New Zealand King Salmon looks towards Cook Strait for expansion

Large-scale, long term expansion and submersible pens in the Cook Strait could be a possibility. 

“The water quality is excellent, it’s cold and it’s deep,” Rosewarne said talking to the NZ online publication Stuff.

The CEO has been vocal in his company’s ambitions to moor huge underwater pens in Cook Strait.

The Nelson-based company is looking into submersible technology like those being developed in Norway such as the Ocean Farm concept from Salmar.

New Zealand King Salmon chief executive Grant Rosewarne. PIC New Zealand King Salmon

“We’d have to put a pen out there and see how it stood up against the currents and the weather but if you go down 15 or 20 metres, it’s calm.”

READ MORE: New Zealand King Salmon CEO: “We believe that aquaculture is literally going to save the world

“They’re massive pens, like a skyscraper underwater,” Rosewarne said. Rosewarne added that there was potential to place up to 100 pens in the Strait, each holding 1000 tonnes of king salmon.

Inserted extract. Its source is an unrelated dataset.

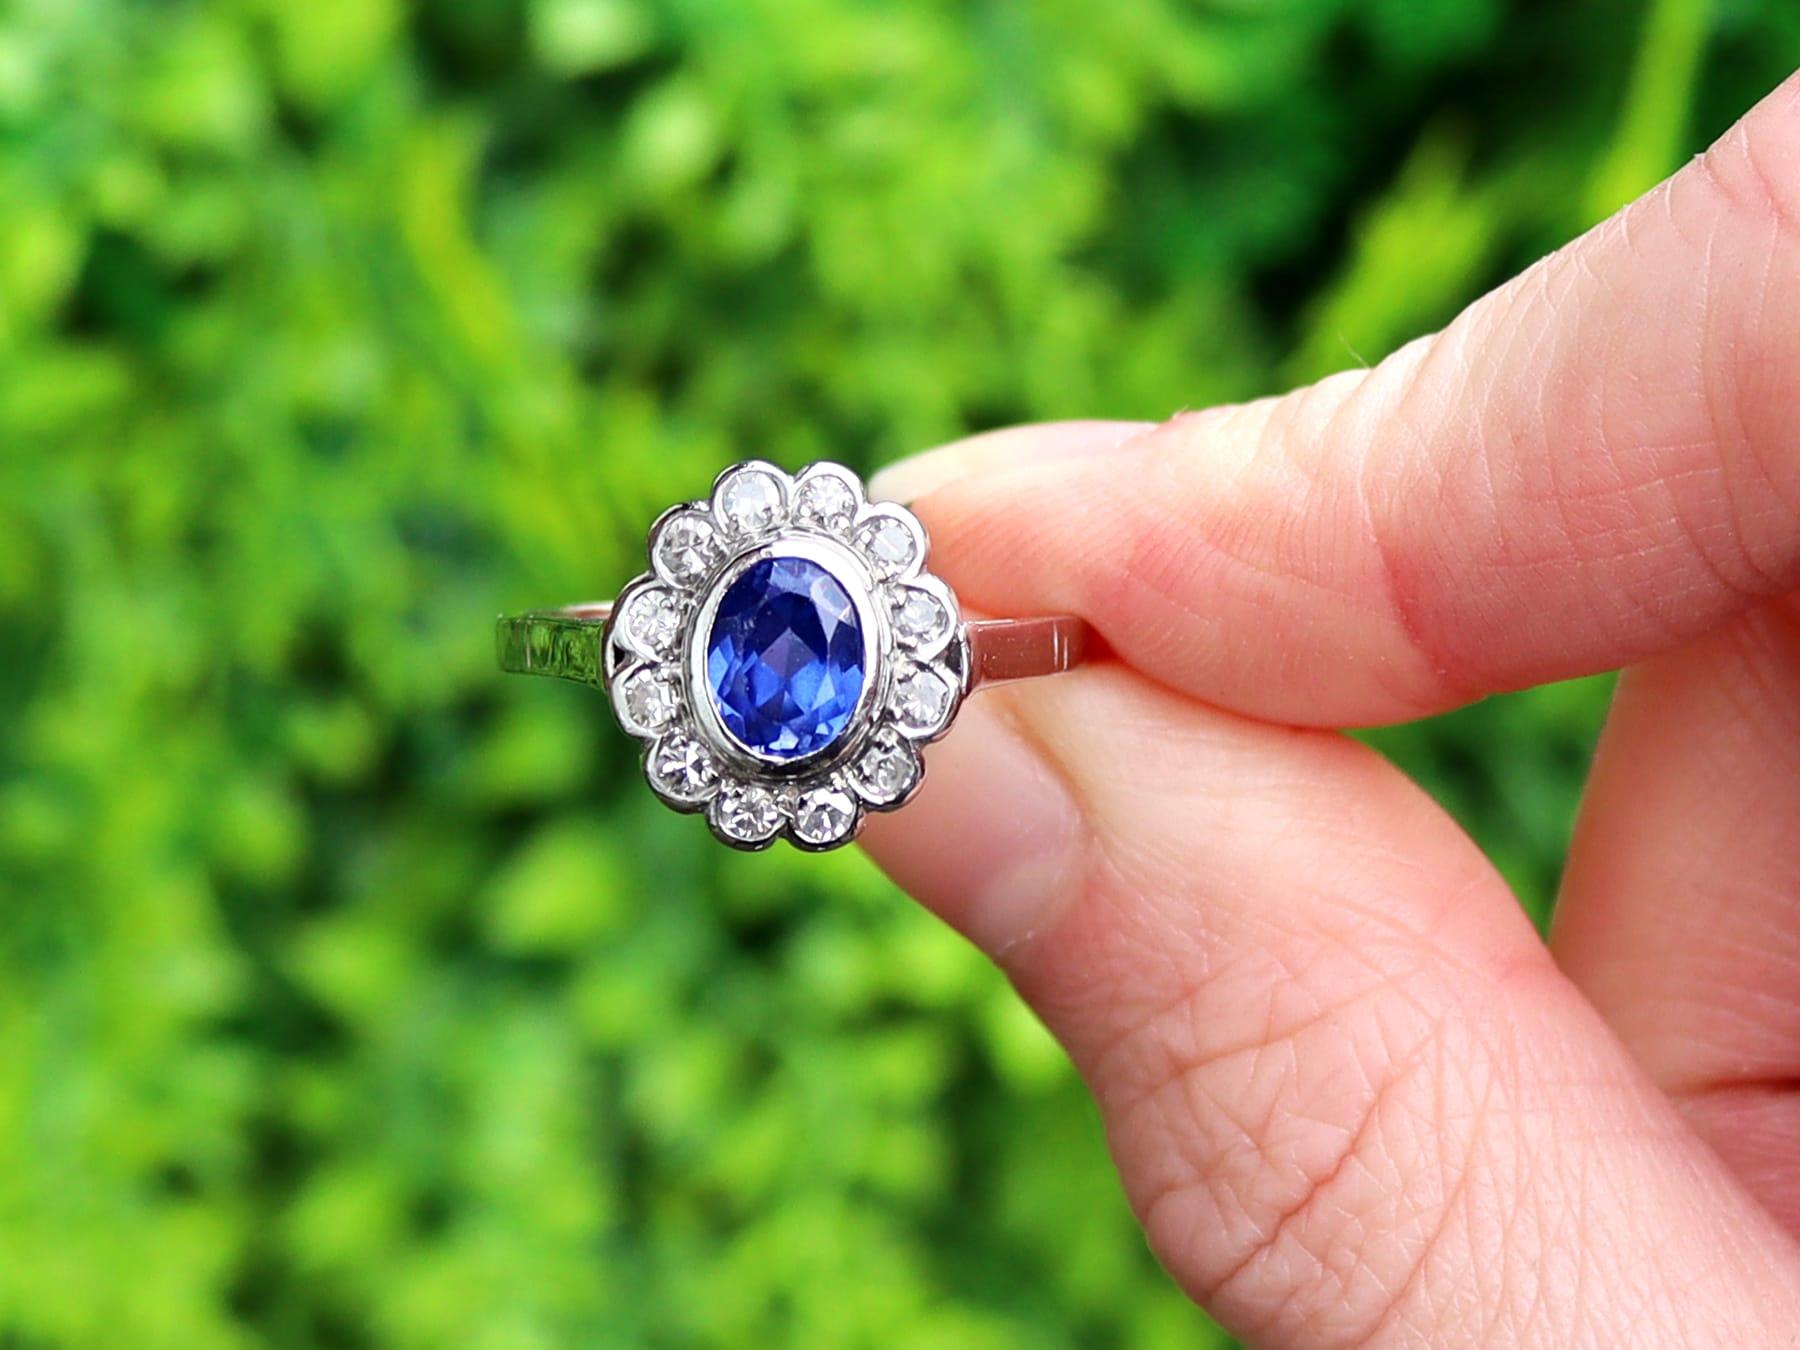 Eine feine und beeindruckende 1,12 Karat Saphir und 0,48 Karat Diamant, Platin-Cocktail-Ring; Teil unserer antiken Nachlassschmuck Sammlungen.

Dieser atemberaubende, feine und beeindruckende antike blaue Saphirring mit Ovalschliff wurde in Platin

“In the last financial year, NZKS had total revenues of $136m. With 100 pens moored in Cook Strait, that could lift to $2.5b” Rosewarne said.

“You’d be looking at about 80ha on the surface for that revenue so there’s a very real real possibility it could become New Zealand’s biggest industry,” he said.

NZKS produces around 8000t – ie 50 percent of the world’s King salmon supply – per year each year from nine sites covering 17 surface hectares in the Marlborough Sounds In the last financial year, the company had total revenues of $136 million.